20 As well, it is not as though the defendant's application for administration was unknown to the plaintiff. The very circumstance that the caveats were put on shows that there was a concern on her part about who would obtain administration. There was a time, according to the plaintiff, when it appeared that there would be competing applications for a grant between the defendant and herself. There were also, it seems, letters between the defendant's solicitors and Mr West attempting to settle the dispute about the estate.
21 For the purpose of an application to revoke administration, knowledge and actions of the plaintiff's solicitor are her actions. It is as though it is she who lay by and did not continue to resist the possibility that the defendant would obtain a grant. The various circumstances that I have outlined all lead me to the view that this is not an appropriate case in which to revoke a grant, because there would be simply no point.
22 I turn to the application under the Family Provision Act 1982. That application is brought late, and at a time when the estate has been distributed. Because the estate has been distributed, the plaintiff can only succeed if the court makes an order designating certain property as notional estate - Lewis v Lewis [2001] NSWSC 321 at [57]. In cases like the present, where the deceased did not enter any prescribed transaction, the power of the court to designate notional estate relates to:
"… such property as [the court] may specify, being property which is held by, or on trust for, the person or the object of the trust, whether or not that property is the property distributed." (Section 24 Family Provision Act 1982 )

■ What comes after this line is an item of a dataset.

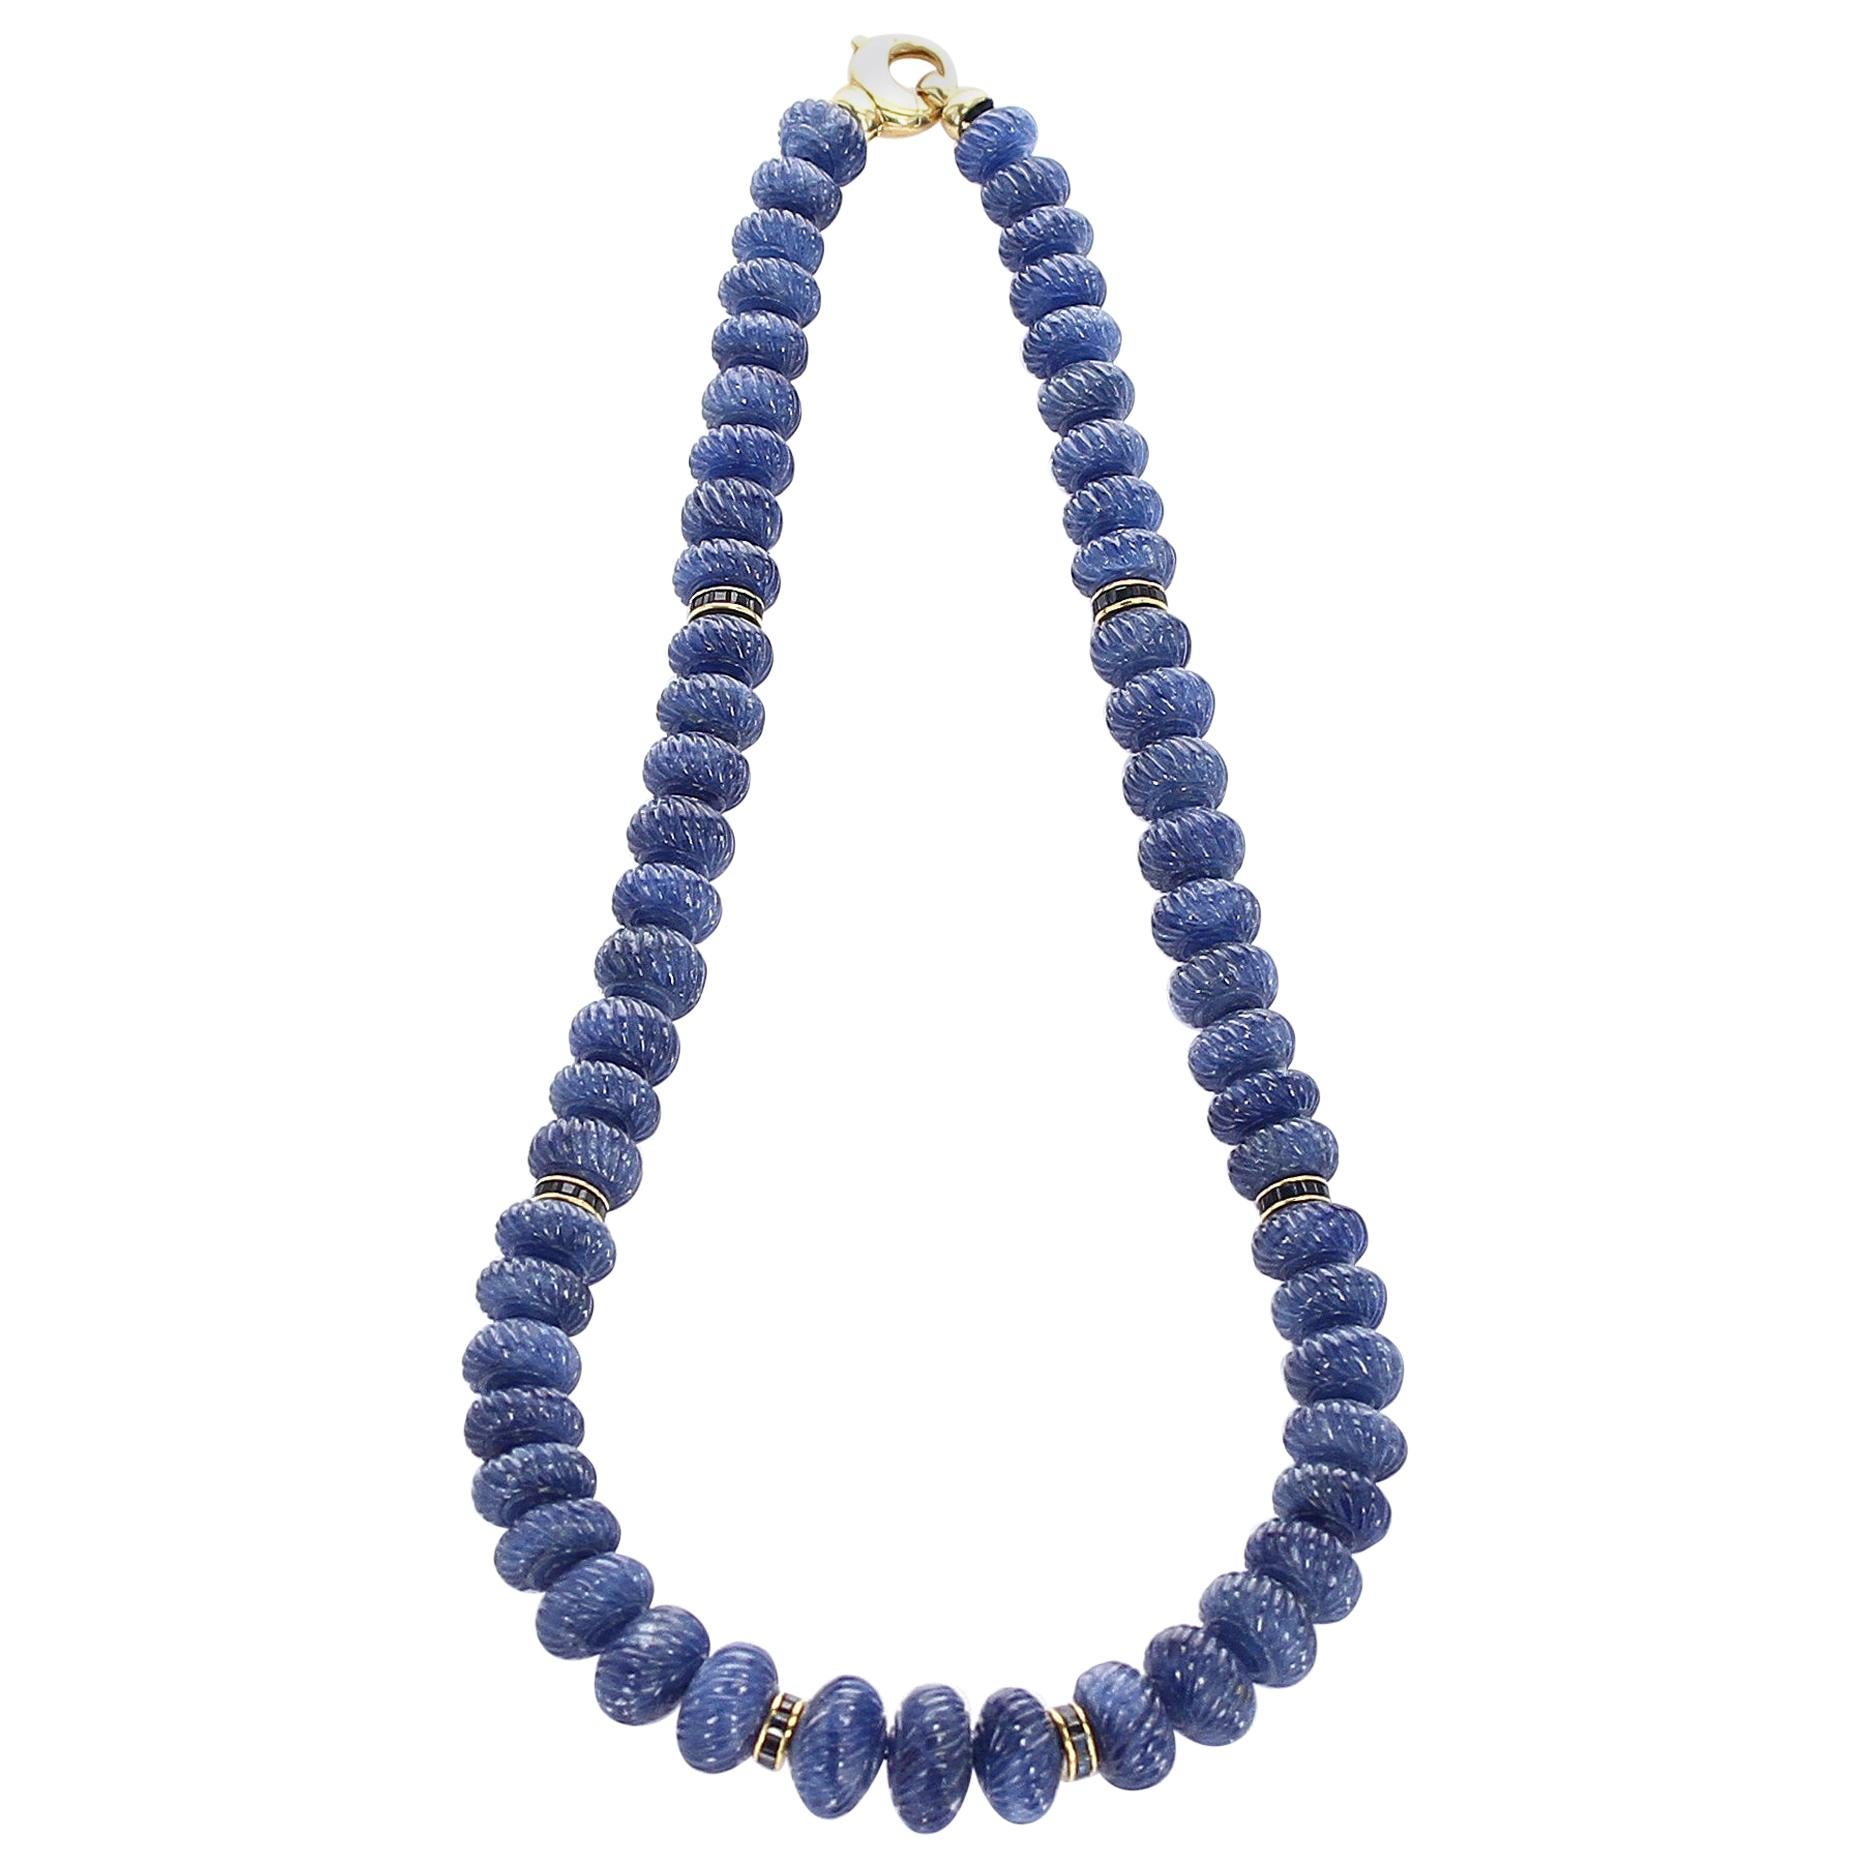 Details about   475.00 Cts Earth Mined Round Shape 6 Strand Blue Sapphire Beads Necklace NK02E25

23 That provision means that if someone has received a benefit from a deceased estate, it is possible to designate as notional estate an asset of that person, even if that asset is not something into which it would be possible to trace any specific asset of the testator. That ordinarily gives the court a fairly wide power to do practical justice, and make sure that the assets of a deceased estate end up, so far as at least their value is concerned, in the hands that the court decides are the appropriate ones to enable the deceased to fulfil his or her obligations. However, in the present case, even that broad power will not be adequate to meet the present situation of the plaintiff. There is simply no asset that can be identified, of any person who received benefits from the estate of the deceased, which could be designated as notional property. Under these circumstances, the application under the Family Provision Act 1982 would inevitably fail, even if the extension of time were granted.
24 On the evidence before me, it seems that the plaintiff would have had, if the claim had been brought against the right person and at the right time, a case which justified an order. In circumstances where there may be other litigation about this, it is probably not appropriate for me to say anything more about the quantum of any such order. However, what I have said means that the Family Provision Act 1982 claim must also be dismissed. In the result the proceedings are dismissed.